New impetus is needed to put an end to the stalled European banking union – Villeroy


PARIS, September 10 (Reuters)European efforts to build a more unified cross-border banking system have come to a standstill amid opposition to deposit guarantee schemes, the head of France’s central bank said on Friday, urging new impetus to complete the project.

In a speech at a conference in Slovenia, Banque de France Governor François Villeroy de Galhau said Europe’s banking sector remains fragmented, with lenders reluctant to merge and expand to better cope with the crisis. foreign competition, increasingly from their peers on Wall Street.

“The banking union today lacks momentum and remains incomplete.

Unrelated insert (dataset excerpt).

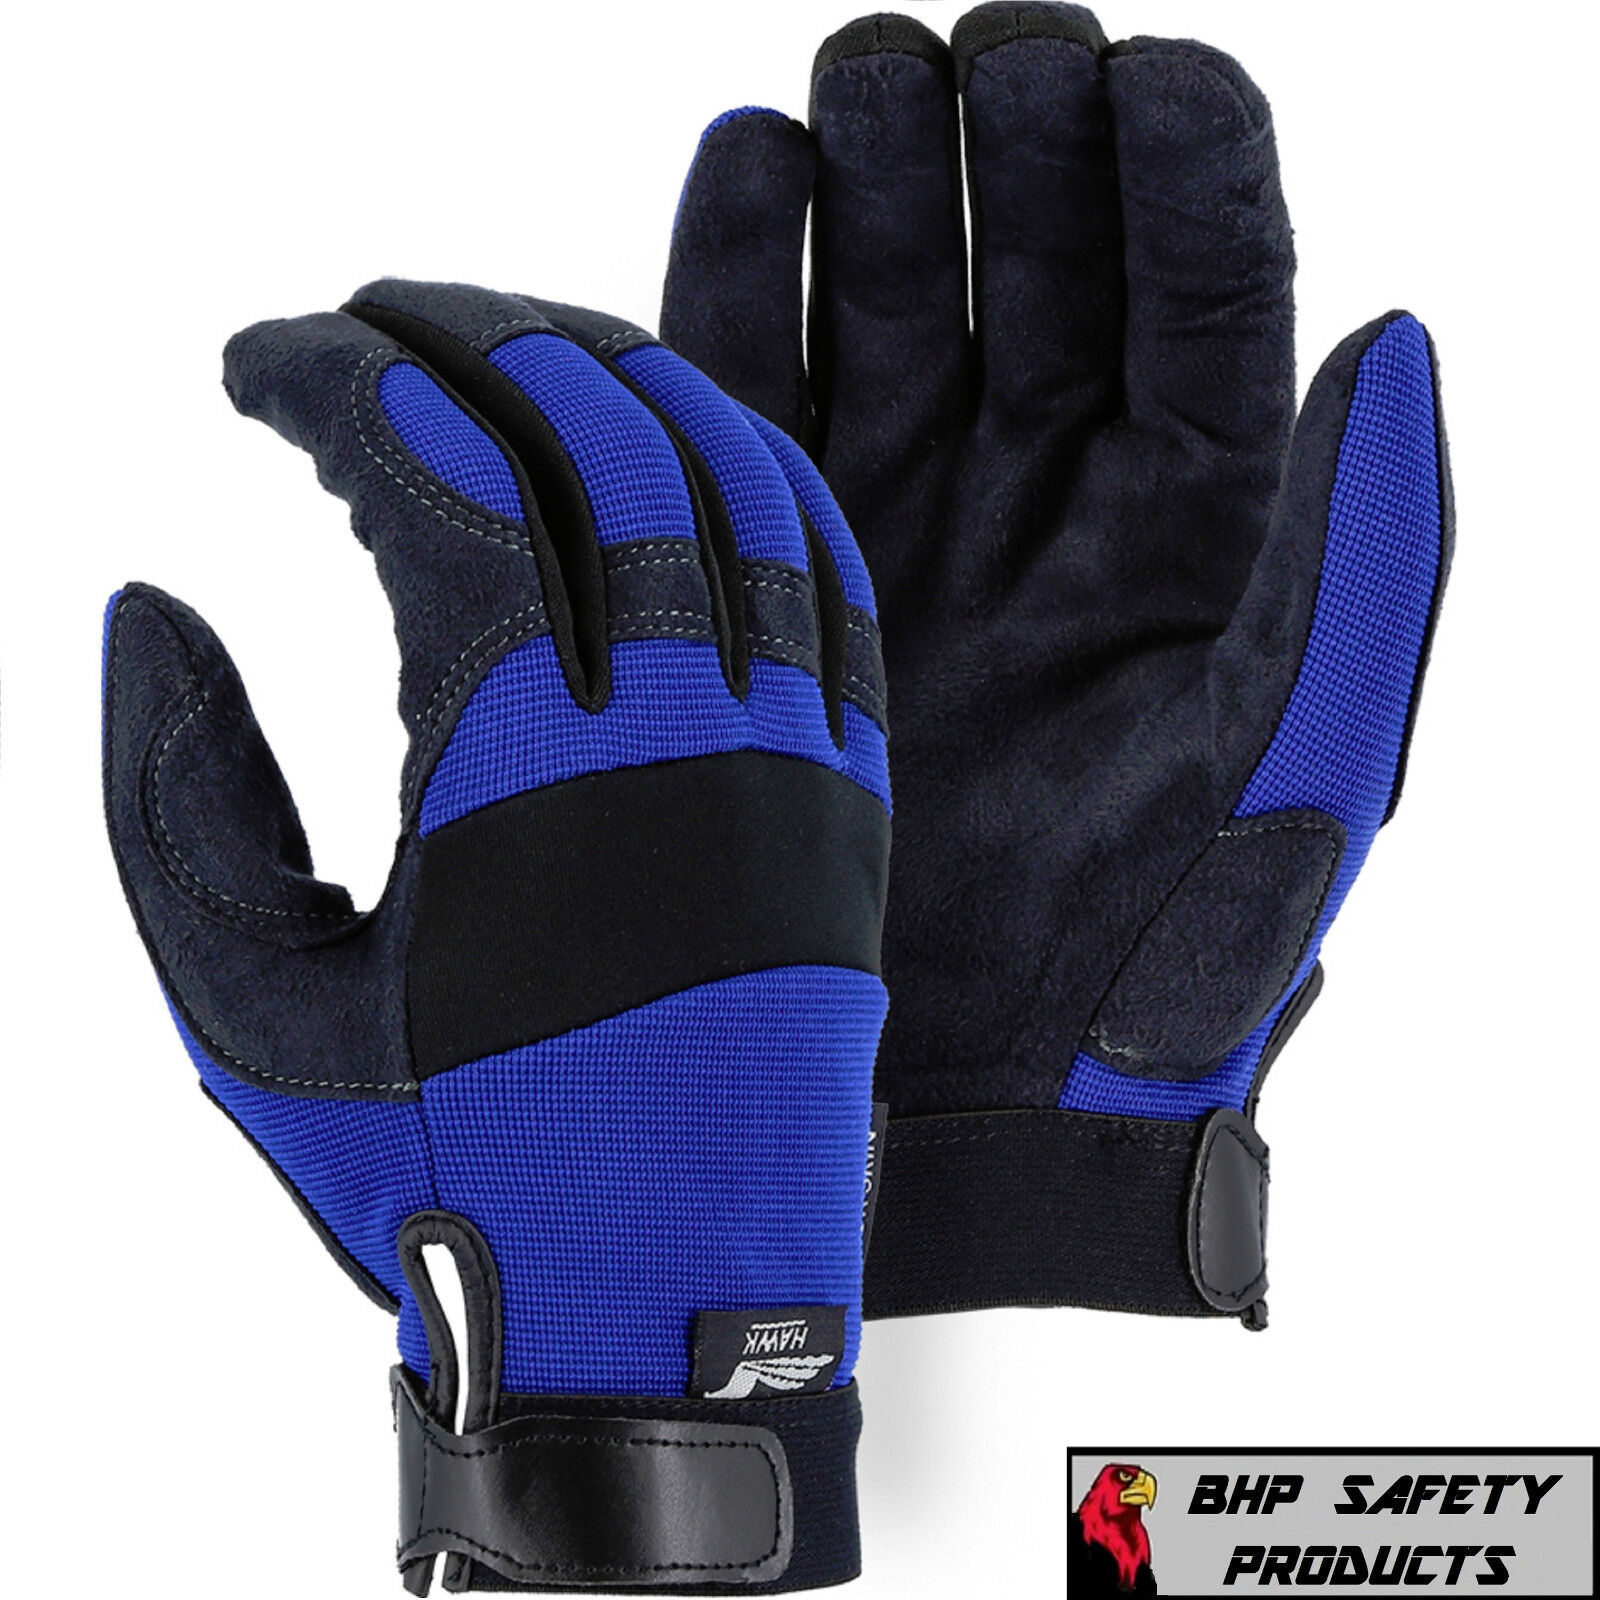 Mechanics Work Gloves Synthetic Leather Amorskin, Majestic G

Let us be frank: the project is at a standstill,” said Villeroy.

EU governments have created a single banking supervisor and a single bank resolution mechanism for lenders failing in response to the sovereign debt crisis in Europe a decade ago.

But efforts to bring the project to fruition have failed on plans for an EU-wide deposit guarantee scheme, which is particularly noticeable in countries like Germany where there are fears of exposure. to the risks of weaker banking systems elsewhere in Europe.

“We must neither relax now that the banking crisis is largely over, nor wait for the next crisis to act,” said Villeroy. “It is precisely because we are not in a crisis that we must move forward now.”

Faced with “intractable opposition” to a fully-fledged deposit guarantee scheme, he suggested changing his name from EDIS currently to something like the “common deposit scheme”.

While national deposit guarantees would still receive support under the shared mechanism, subsidiaries of foreign banks could be affiliated with their home country’s guarantee scheme, thereby protecting the host, Villeroy said.

Meanwhile, in parts of the banking union that were already operational, it was possible to improve the implementation of existing regulations for banks operating in several EU countries.

“There should be no case where there is a difference between the treatment of domestic and cross-border intra-group exposures, either for liquidity or capital requirements,” he said.